# Scrapbooking(pictures)



## stefania (Apr 16, 2005)

I have just started a scrapbook for Chico last night...its fun and i got this one at Walmart for around $10


----------



## Teddy's Mummy! (Sep 21, 2005)

thats really good, i am making a scrapbook for Teddy&Milo at the mo but we havent got many pics printed so its not getting too far! lol :lol:


----------



## MYCHIBABY (Apr 26, 2005)

That looks great! I've been scrapbooking for years. It's fun isn't it? I have like 5 full books now. I do family and friends and occasions and have quite a few pages of the furbabies, too.


----------



## tik0z (Aug 5, 2005)

thats nice! good job


----------



## SCRAPPY (Sep 4, 2005)

Good job! looks great--


----------



## Gadget's Mom (Jan 14, 2005)

good job... I love scrapbooking... I am making a small one for gadget.. I don't have very many pages done... It is one I can leave in the truck so if I want to show some one I have it with me at all times... I think it is 8X4inches


----------



## chihuahua-lady (Apr 13, 2005)

great job il have to take some piccies of my chis show scrap book


----------



## chimom (Apr 1, 2005)

That looks great. My grand daughter made a scrapbook of Jazzy for me for my birthday. She's quite artistic, so it's really cute.

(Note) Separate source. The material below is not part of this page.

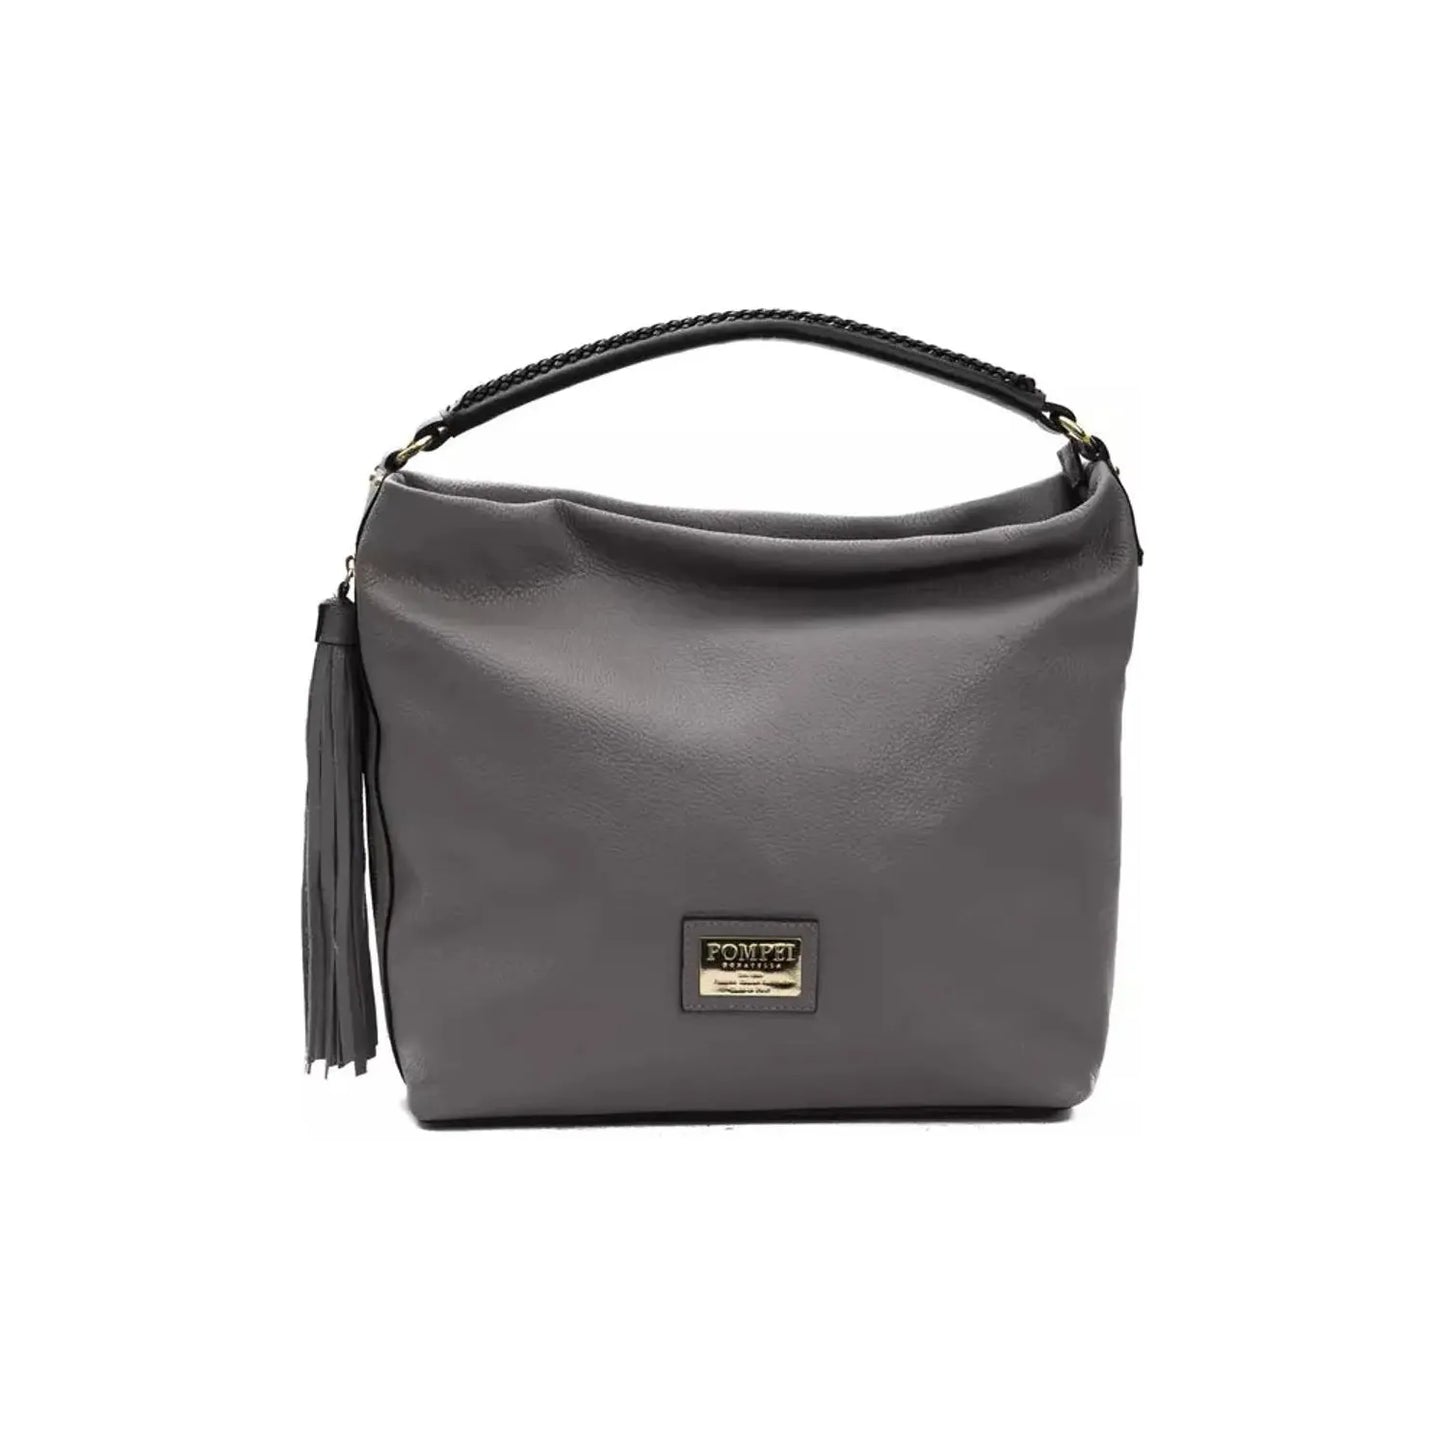 Pompei Donatella Chic Gray Leather Shoulder Bag WOMAN SHOULDER BAGS gray-leather-shoulder-bag-2 stock_product_image_5800_703569538-23-7e10d795-62f.webp

If I had a digital camera, I would take some pics.....[sigh]. Maybe Santa will bring me one for Christmas. :lol:


----------



## NoahFL (May 14, 2004)

What a great job! Scrapbooking is so much fun.


----------



## jo2004uk (Oct 16, 2005)

that scrap book looks great ur very good at design lol
i am going to make one of my puppy when i get her and i just cant wait
love 
jo xxxxxxxxxxxxxxxxx :albino:


----------



## NaliaLee (Jul 16, 2005)

OMG so nice! Love it!!!! I want to do it for Pedro now


----------



## ilovesadie (Jun 1, 2004)

That looks great! I love scrapbooking too but I just don't have time to do it! You've done a great job!


----------



## Jayne (Jul 8, 2005)

Thats great , i must start one for Tyson


----------



## Moco's Mommy (Oct 22, 2005)

I dont have ascrap book for Moco yet but I'm thinking about making one. I've just been very busy, with school and work (my other job - I'm a greeter.) and church. One of these days I'm going to have enough time to start making a book. I'll have to get some pictures first.


----------



## jo2004uk (Oct 16, 2005)

im definetly gonna buy one for when i get my pup i want to have everything to remember i think its an excellent idea i really do good luck with urs
love 
jo
xxxxxxxxxxxxxxxx
:wave:


----------



## stefania (Apr 16, 2005)

Thanks for all your nice comments  :wave:


----------



## jo2004uk (Oct 16, 2005)

ur very very welcome keep us all up to date with how u are getting on thanks 
jo
xxxxxxxxxxxxxxxxxxxxxxxxx


----------



## Mexibeach (Oct 20, 2005)

I love the little paw prints around the pictures. Very nice work!!


----------



## jo2004uk (Oct 16, 2005)

ive just brought A training and raisng diary for a puppy and its got little bits to put pics of certain times of ur pups life cant wait to get mine now so exciting not too much longer now
roll on new year
thanks
jo


----------



## stefania (Apr 16, 2005)

Thats great! I remember how excited i was,i couldnt wait to have Chico home  :wave:


----------



## jo2004uk (Oct 16, 2005)

thankyou thats really nice of u to say the pups r gona be born about xmas time so i can bring my little girl presuming there is one lol about feb time its so exciting 
how old is chico?
he is so sweet look at his little face ahhhhh 
:angel13:


----------



## Minty_Min82 (Sep 17, 2005)

Very Cute!


----------